We’re working on transitioning our distributed workflow management system (DIRAC) from a custom workflow implementation to CWL. Our system has the following objects:

  • Jobs: Can be either a Workflow or a CLT, executed on a specific single worker node.

    • For single CLT, using one set of requirements for scheduling and execution works well.
    • However, for Workflows with varying requirements at different levels, we face a challenge: we need one set of requirements for scheduling the job on a resource and get an allocation, and we must ensure the job respects these limits during execution (using cgroups). If CLT-level requirements exceed the “scheduling” requirements, the job can be killed.
  • Transformations: Act as templates to create jobs with similar Workflows/CLTs and requirements, but different inputs.

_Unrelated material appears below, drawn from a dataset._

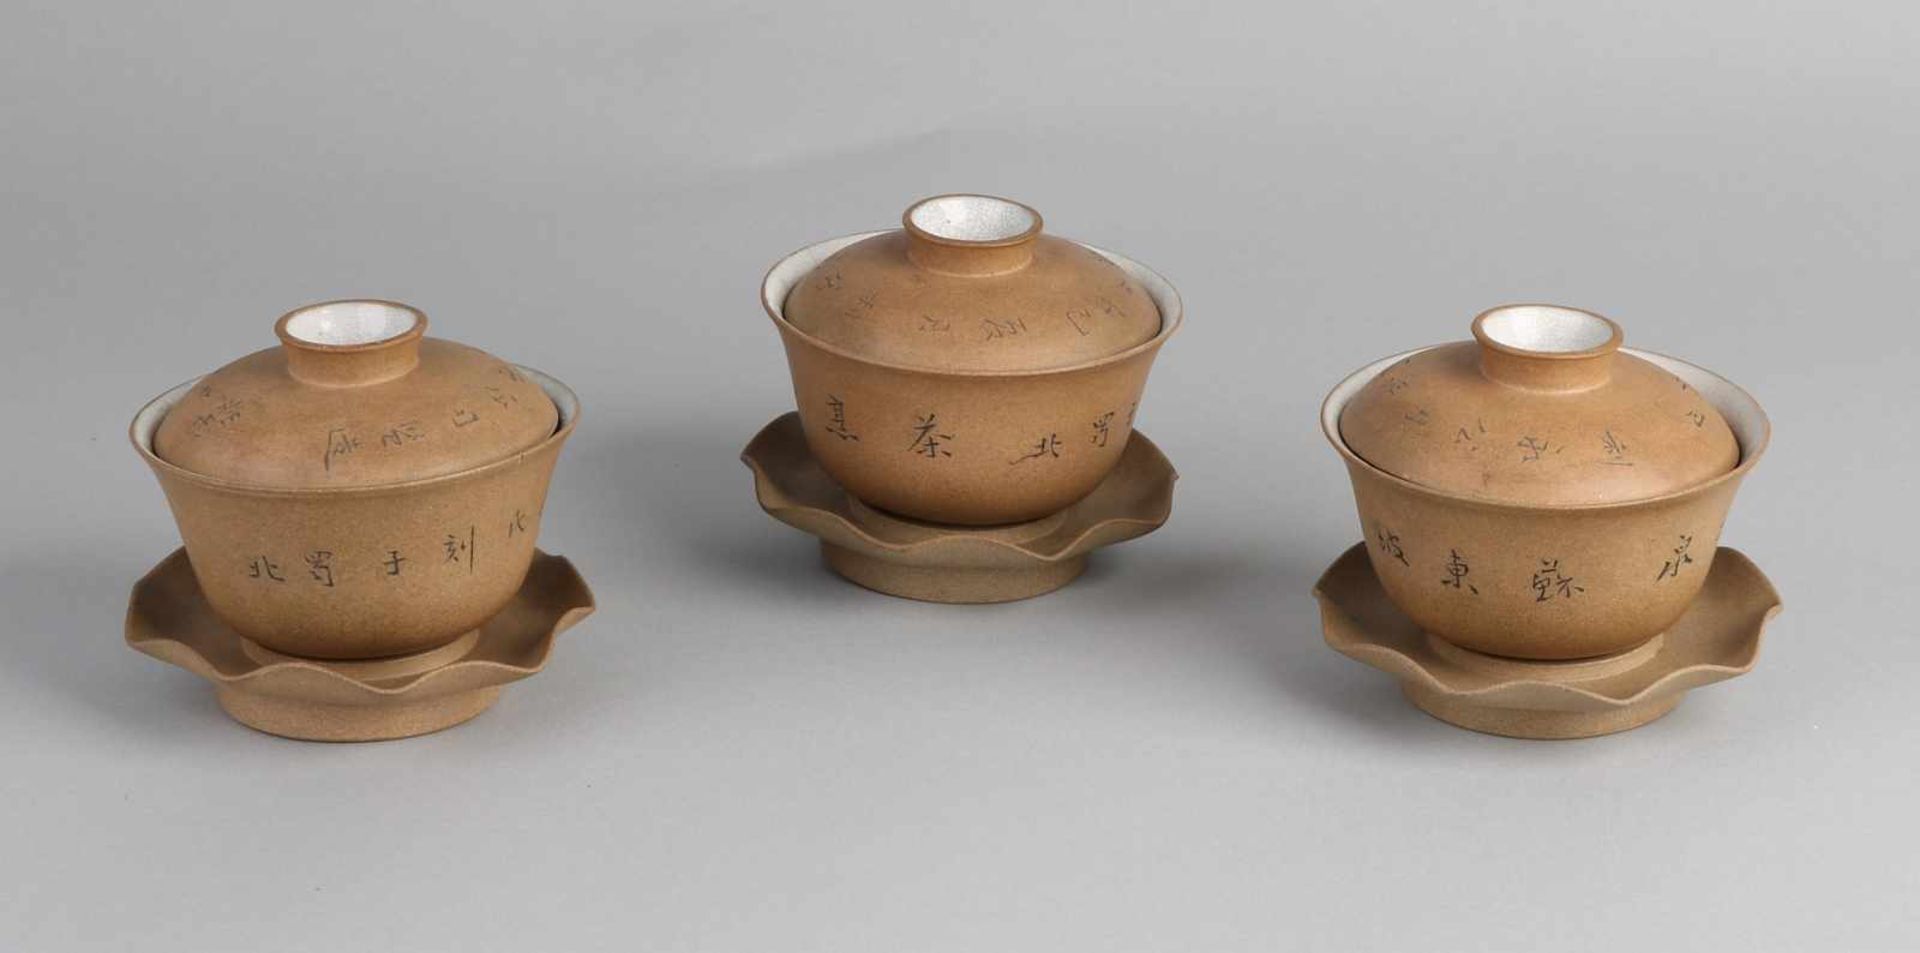 Drei separate dreiteilige Tassen aus chinesischem Porzellan mit Teeglasur und Reißverschlusstext.

  • Productions: Large workflows where each step represents a transformation.

(For more details about our system and the planned transition: https://www.epj-conferences.org/articles/epjconf/abs/2025/22/epjconf_chep2025_01074/epjconf_chep2025_01074.html)

Based on your suggestion, I understand we should internally use the maximum requirement values across all CLTs to schedule a given job.
In the example below, we would use the requirements from the first CLT to schedule the job:

cwlVersion: v1.2
class: Workflow

inputs: []
outputs: []

# This is not recommended and should be avoided, right?
requirements:
  ResourceRequirement:
    coresMin: 2
    coresMax: 4

steps:
  good_step_1:         
    run:
      class: CommandLineTool
      requirements:
        ResourceRequirement:
          coresMin: 3
          coresMax: 6
      baseCommand: ["echo", "Hello World"]
      inputs: []
      outputs: []
    out: []
    in: []
  good_step_2:
    run:
      class: CommandLineTool
      # No requirements: bad practice! But will inherit from the ones define at the workflow level IIUC.
      baseCommand: ["echo", "Hello World"]
      inputs: []
      outputs: []
    out: []
    in: []

Note: This approach requires iterating over all step requirements to find the maximum values, which does not seem particularly convenient (but would probably have to be done in any case to validate the Workflow).

Again, thank you very much for your support!